Maybe Wilamena just didn't know how to love.

When she could lie there no longer, she planted her feet on the cool
linoleum floor. The tiny, healed-over cuts in her skin had the crusty feel
of minute scabs. She used every drop of remaining pitcher water to wash
herself from face to feet, realizing too late that she had no clean water with
which to brush her teeth. She dressed in a sleeveless blouse and a skirt and
tiptoed out the front door to the spigot, squinting in the hard sunlight,
beckoning to the distant clouds to bring shade in God's name to Freshwater
Road. She eyed the long-needled pines. No shade trees near any house that
she could see. Where had that car or truck in the night gone? She stared at
the empty road. The two-lane was a short city block in the other direction,
the road Matt had disappeared down. With the sun like a hot iron on her
neck, she bent over to refill her pitcher.

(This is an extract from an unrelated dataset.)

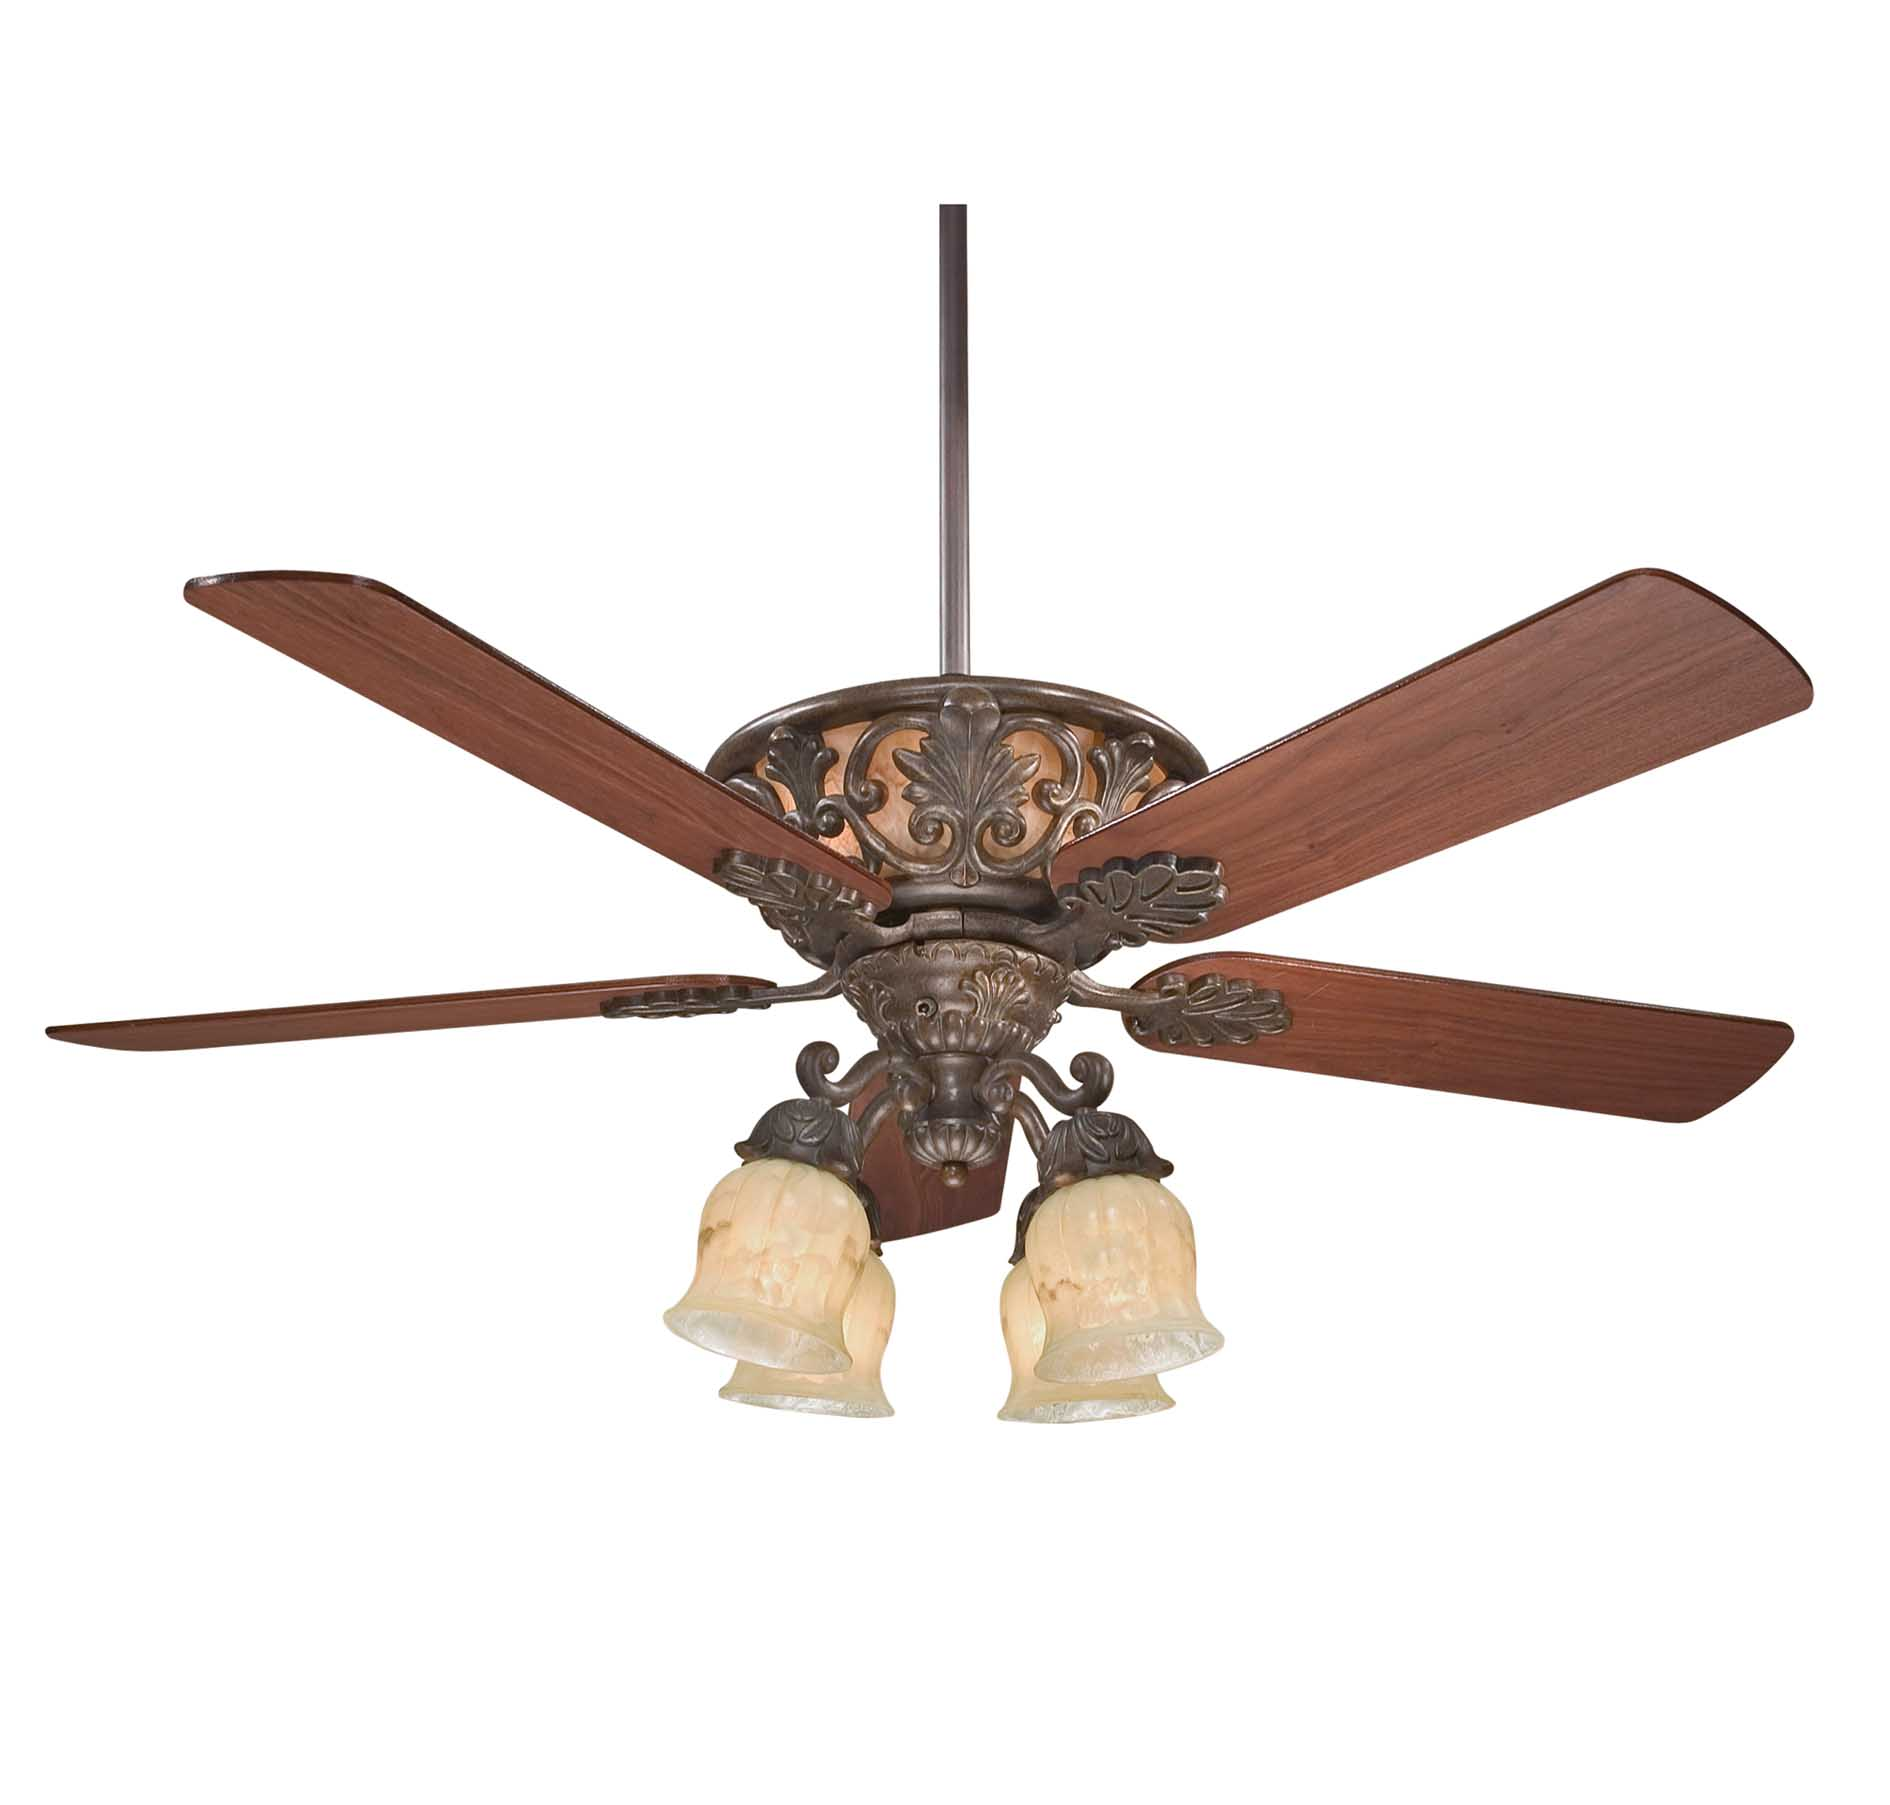 Monarch ceiling fan by savoy house 52 810 5wa 40 monarch ceiling fan by savoy house aloadofball Gallery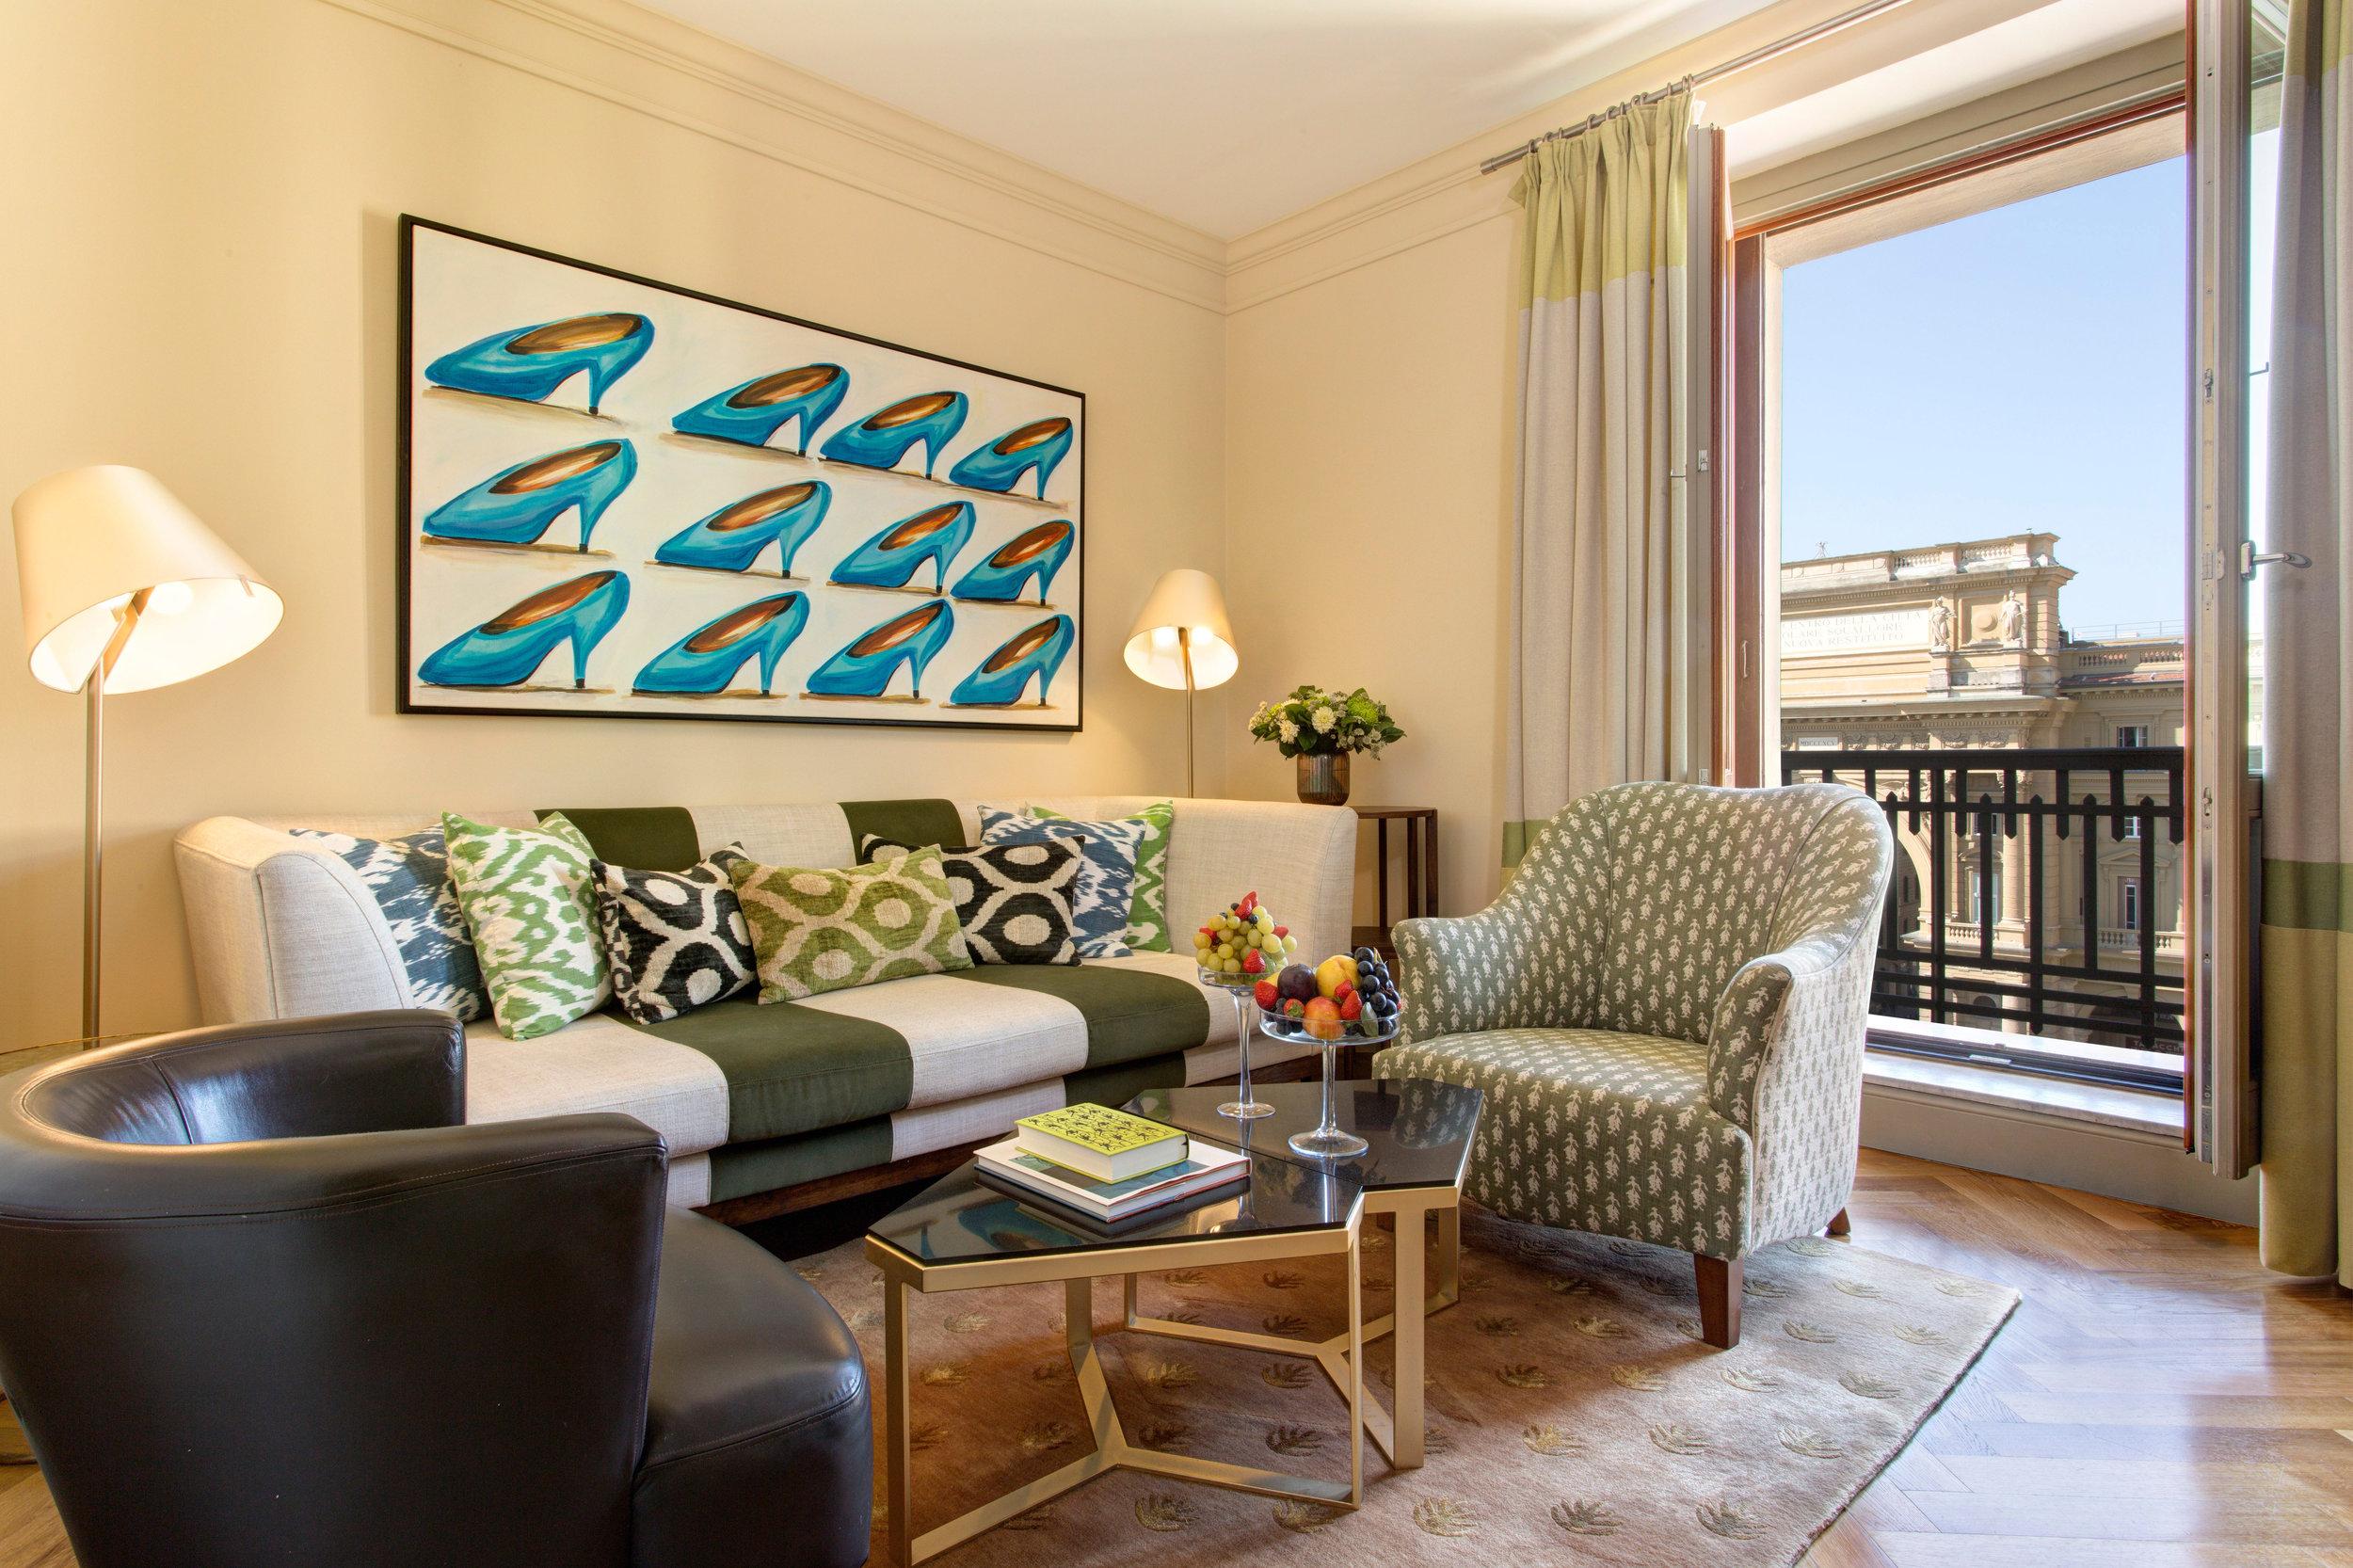 1 RFH Hotel Savoy - Executive Suite 409 3776 JG Oct 16.JPG

Mrs. Owens stood at the stove frying eggs. Celeste downed a waiting
glass of ice water as the smooth-voiced man rose from his chair. "I wasn't
sure until last week if they'd send someone. We're on the low rung down
here. I'm Reverend Singleton."

"Celeste Tyree." She joined him at the table. What was the high rung,
she wondered? Jackson or even Hattiesburg. "I was with the last group.
They called us the stragglers." She might've said she was happy to be there,
but Leroy Boyd James's name leaped into her mind, followed quickly by
the prowling car. This Pineyville was a lynching town, and 1959 wasn't that long ago. She needed to talk with a local about the real deal in Pineyville
without being rude to the person who'd guide her to what she was there to
do. "The work's the same wherever it is." She said it thinking that maybe it
was true and maybe it wasn't.

"We're so happy that you're here." Reverend Singleton resumed eating,
cleaning his plate. "We'll take you, straggler or not, and we'll show them a
thing or two in Jackson."

"Thanks, Reverend Singleton. Nothing would please me more." It felt
good to say his name, to hear that he understood the undertow of competition between the volunteers to register the most people to vote.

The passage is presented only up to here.